Late Night at the Barbican review: a surreal mesh of dance, sorrow and economic woe
Three couples sit in the wreckage of a music hall. A song comes on and they start to dance, expressionless, waltzing in neat circles around each other. Every so often one breaks ranks to stand before a microphone and deliver opaque lines of dialogue. Europe has fallen. War and strife reign. We are living through the end of days.
These snippets slowly form an abstract tapestry of love, loss and longing, of the everyday humiliations of living at the end of civilisation.
It’s no coincidence that Late Night is a Greek production (with surtitles) by theatre company Blitz; the apocalyptic tone clearly reflects the very real fears echoing through their homeland and across Europe.

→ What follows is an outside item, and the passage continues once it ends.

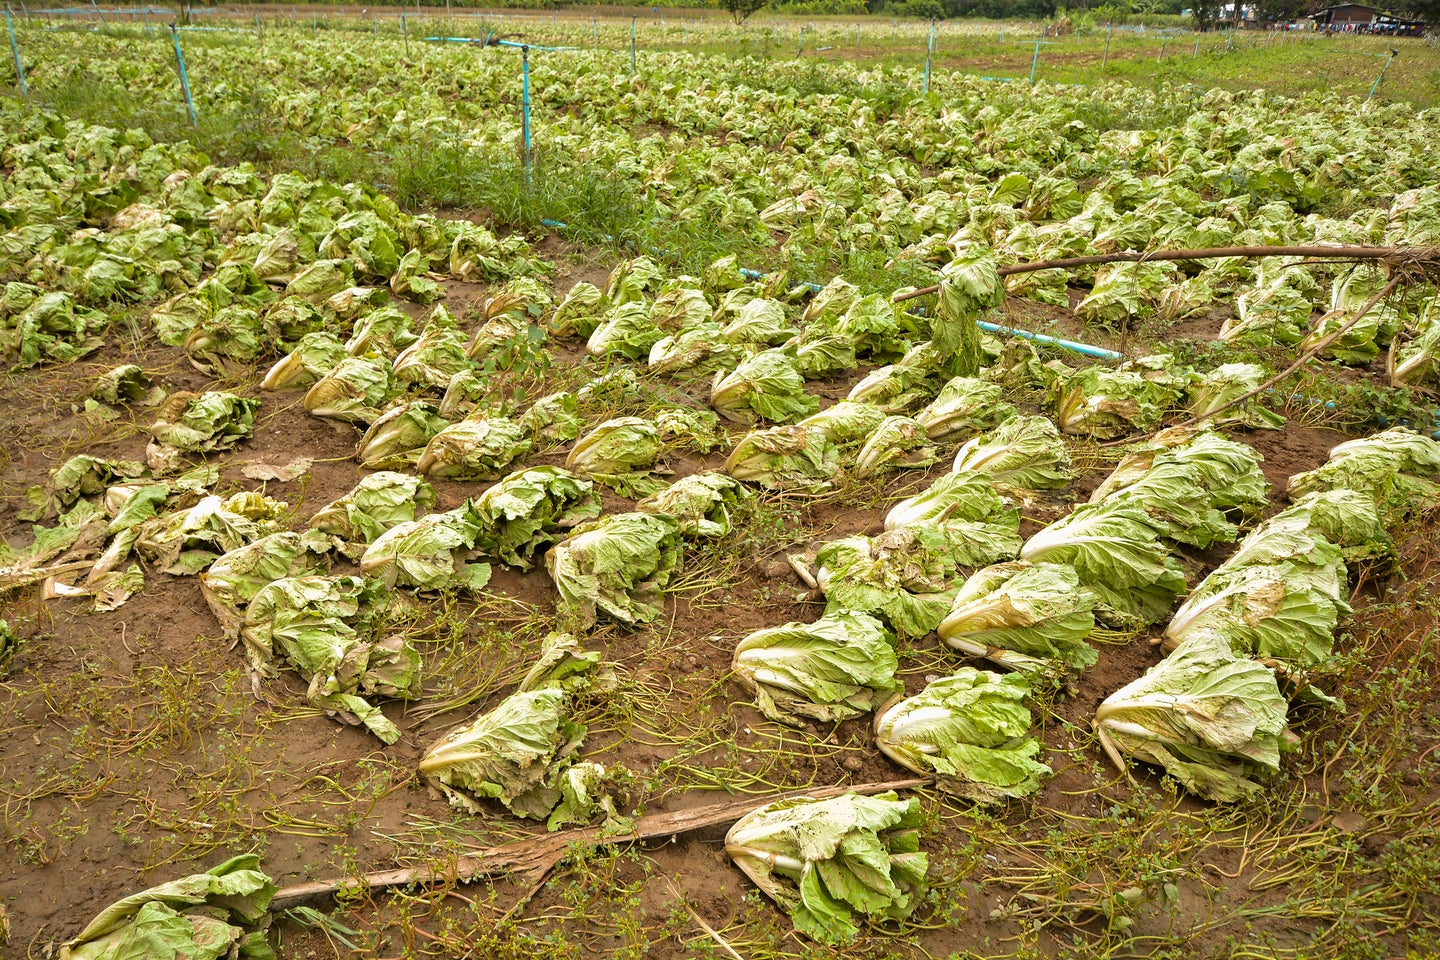 Cabbage destroyed by flooding

But instead of wallowing in self-pity, or raging against an unjust world, these couples dance. When the music stops they perform unintentionally hilarious magic tricks and balancing acts and feats of strength. Each one has dreams: of being the world’s foremost magician and moving the Great Wall of China to Australia; to found a new academic movement called “romantic macroeconomics”; to be famous and have cultish followers in every corner of the globe.
The experimental structure, Lynchian soundtrack and ambiguous narrative make this a hypnotic and sometimes challenging experience, but one that’s ultimately worthwhile.